The expansion of palm oil plantations in Indonesia and Malaysia palm oil expansion is a critical threat to orangutan habitat in Sumatra and Borneo. The moratorium reflected the Indonesian government's intent to reduce deforestation and improve governance of the palm oil industry. President Joko "Jokowi" Widodo had pledged to freeze the issuance of new oil palm plantation permits following large forest fires in Sumatra and Kalimantan in 2015 that led to protests from Australia, Singapore and Malaysia.

In 2018 Widodo issued a Presidential Instruction on the "postponement and evaluation of oil palm plantation permits and the increase of oil palm plantation productivity".

Goals of the moratorium

  • Improve the governance and sustainability of oil palm plantations,
  • Provide greater legal certainty
  • Reduce greenhouse gas emissions
  • Improve the welfare of oil palm farmers
  • Increase plantation productivity.

Deforestation

Official figures show that Indonesia's deforestation rate has continued to decline since 2014 and in 2020 reached its slowest level since recording began in 1990, an outcome that the government attributes largely to its policies including ending permits to clear primary forests and peatlands, and the oil palm moratorium.

Threats to the survival of orangutans

The main threats in today to the survival of orangutans is palm oil. Each palm plantation destroys thousands of hectares. The orangutan population estimates are between 50,000-65,000 orangutans left in the wild and all of them live in Indonesia and Malaysia. Their habitats are beneath “fixed risk” of deforestation said he World Wildlife Fund.

As much as 3,000 are killed yearly reports the Orangutan Conservancy. The timber are cleared by unlawful logging and for conversion from rain forests to palm oil plantations. About 80% of the orangutan’s habitat was cleared within the Nineteen Nineties and early 2000s by degradation, fragmentation and clearing and generally by deliberately set fires, the journal Scientific American reported.

Loss of habitat through:

  •  Deforestation
  • Palm oil plantations
  • Illegal hunting I
  • llegal pet trade

Clearly the Palm Oil industry is the single biggest risk for Orangutans, who have lost well over 80% of their habitat in the last 20 years, and an estimated one-third of the wild population died during the fires of 1997-98.

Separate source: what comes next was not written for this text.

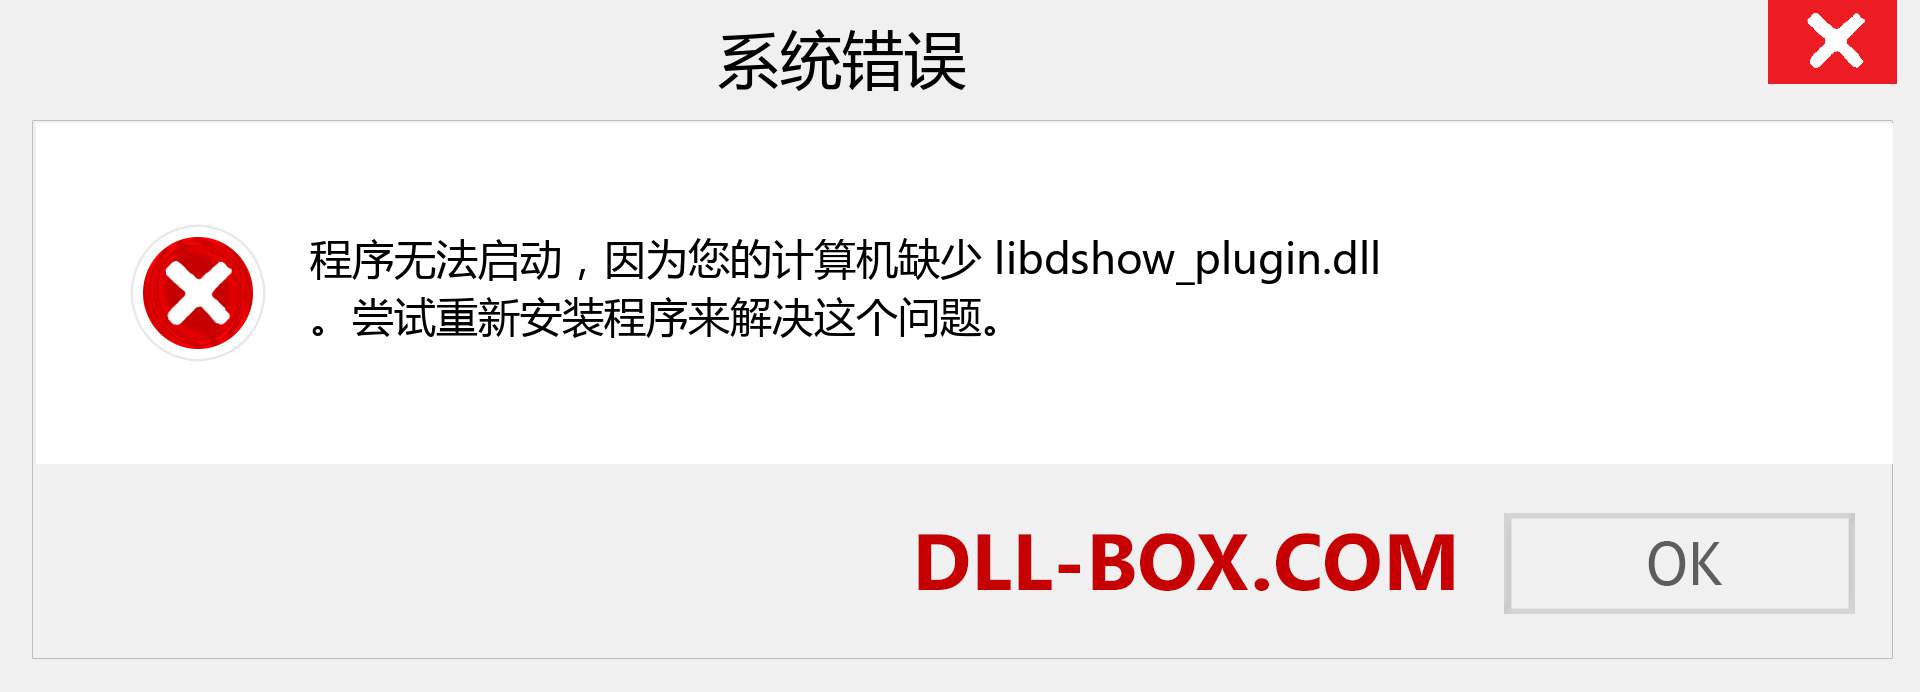 libdshow_plugin.dll 文件丢失？。 适用于 Windows 7、8、10 的下载 - 修复 Windows、照片、图像上的 libdshow_plugin dll 丢失错误

Independent Indonesian environmental groups have acknowledged the contribution of government policy in reducing deforestation, but also pointed out to the La Niña weather system, which brings more rain.

Moving Forward?

The moratorium of the past three years will probably lead to the legalization of plantations that are currently located in various categories of forest land. Government figures show that more than 3.37 million hectares of Indonesia's oil palm plantations (out of 16.37 million hectares) operate in four forest categories under varying degrees of legality.

The existence of plantations in forests reportedly arose from overlapping permits between the central and regional governments, overlapping maps, and corruption. Beyond the current legalization program, the government is unlikely to issue new plantation permits even if the moratorium is not extended.The government's focus is to increase the productivity of existing oil palm plantations, particularly those owned by smallholders that make up 41% of oil palm plantation acreage.